__What you have to do__
Each word in the data below should be copied exactly; the images should not.

__Supplied information__

=== Section Start ===

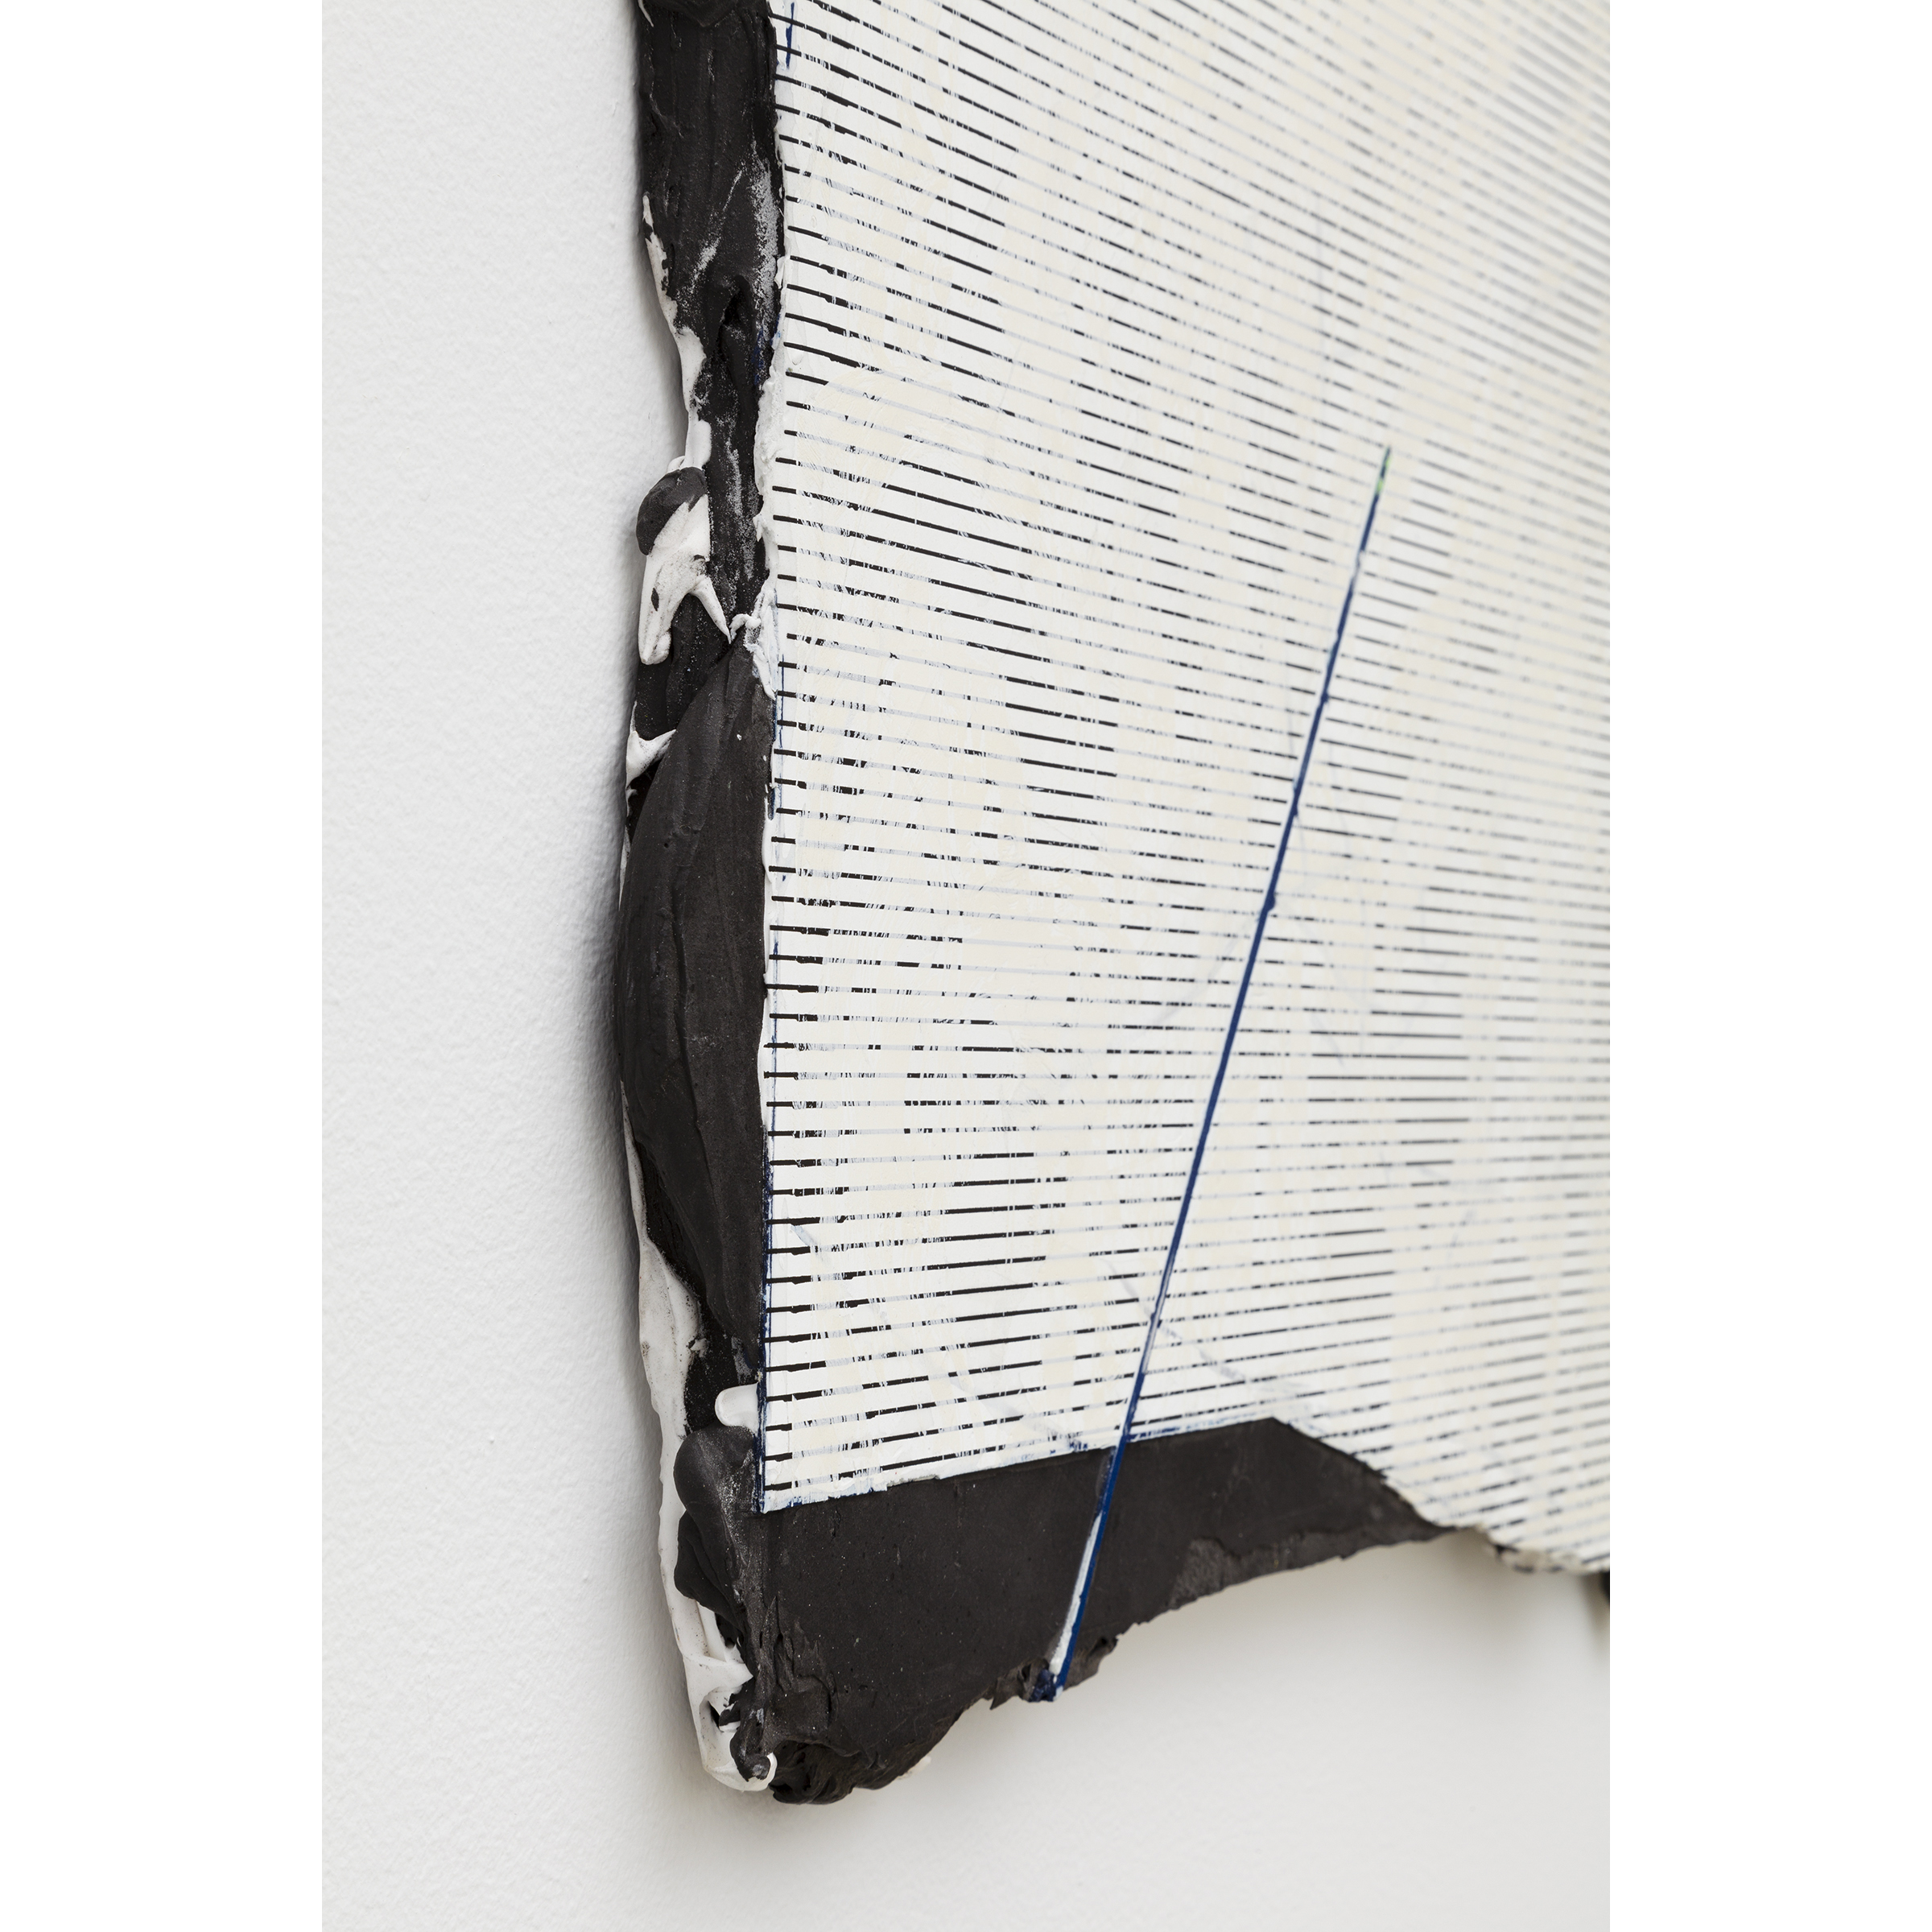 Nicolas Roggy, Untitled  (detail), 2014,primer, modeling paste, pigment, acrylic paint, silkscreen print on PVC,29.9 x 30.3 x 0.5 in
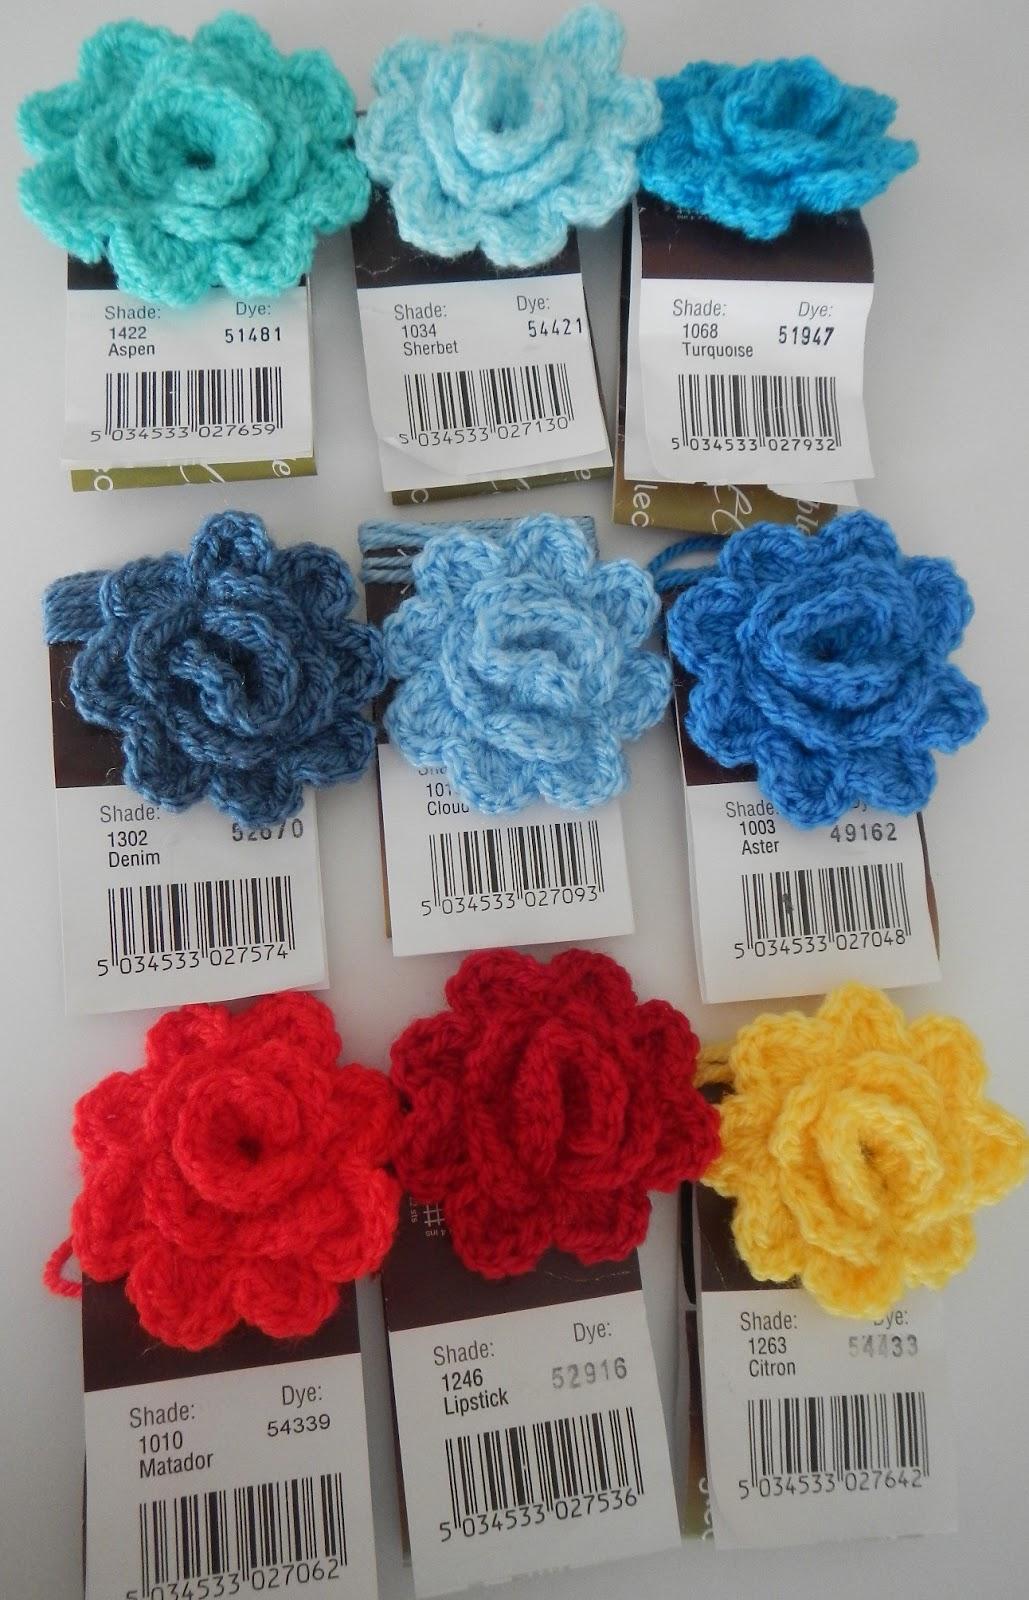 Apple Blossom Dreams: Stylecraft Special DK Color Combos 1 of 5
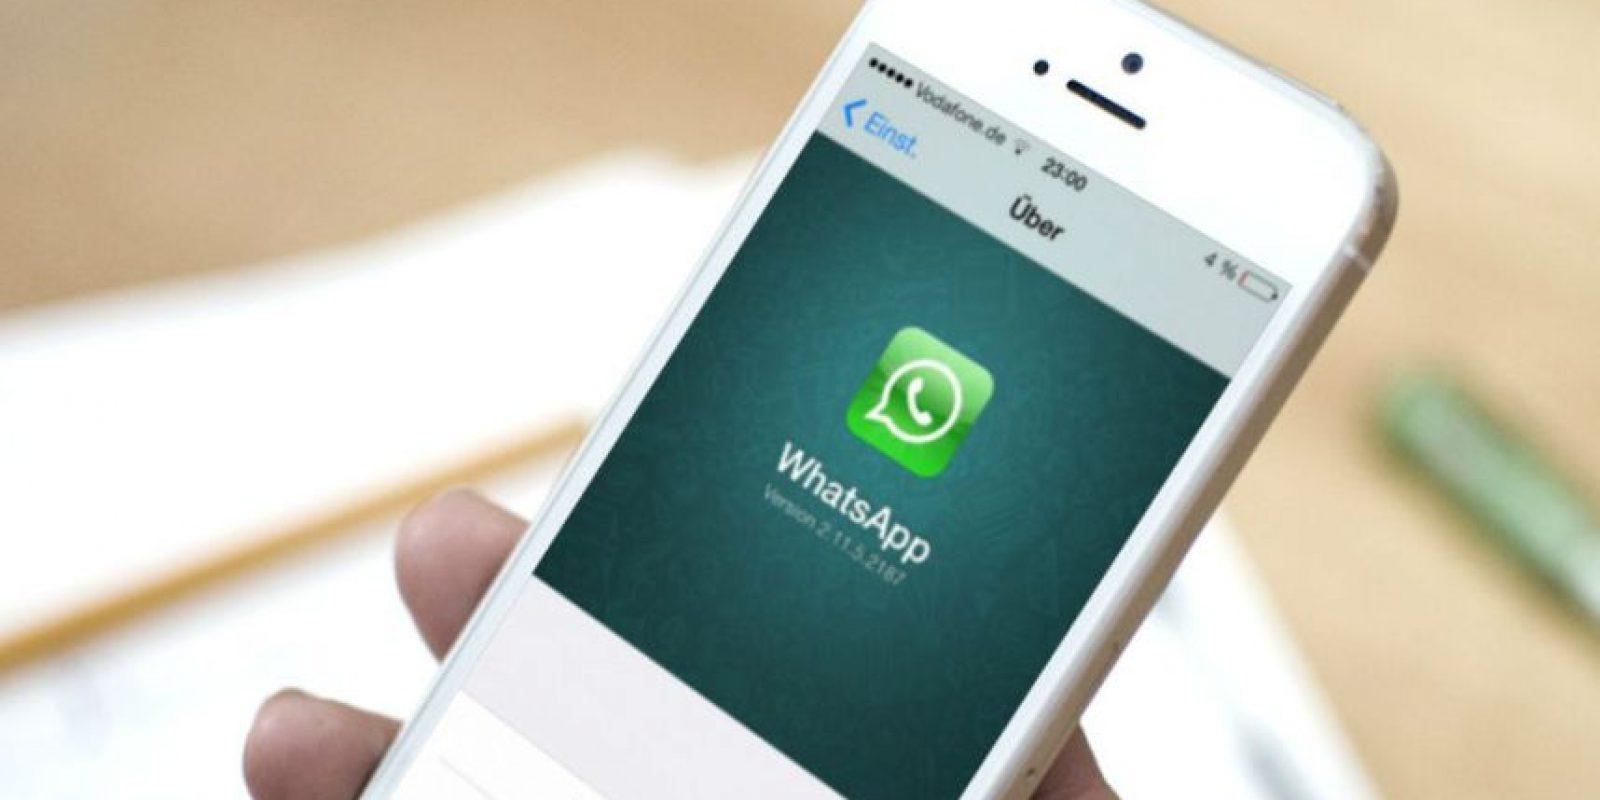 WhatsApp se actualiza con interesantes novedades. Foto:vía Tumblr.com

=== Section End ===

__Output for this task__
 Nicolas Roggy, Untitled  (detail), 2014,primer, modeling paste, pigment, acrylic paint, silkscreen print on PVC,29.9 x 30.3 x 0.5 in
 Apple Blossom Dreams: Stylecraft Special DK Color Combos 1 of 5
 WhatsApp se actualiza con interesantes novedades. Foto:vía Tumblr.com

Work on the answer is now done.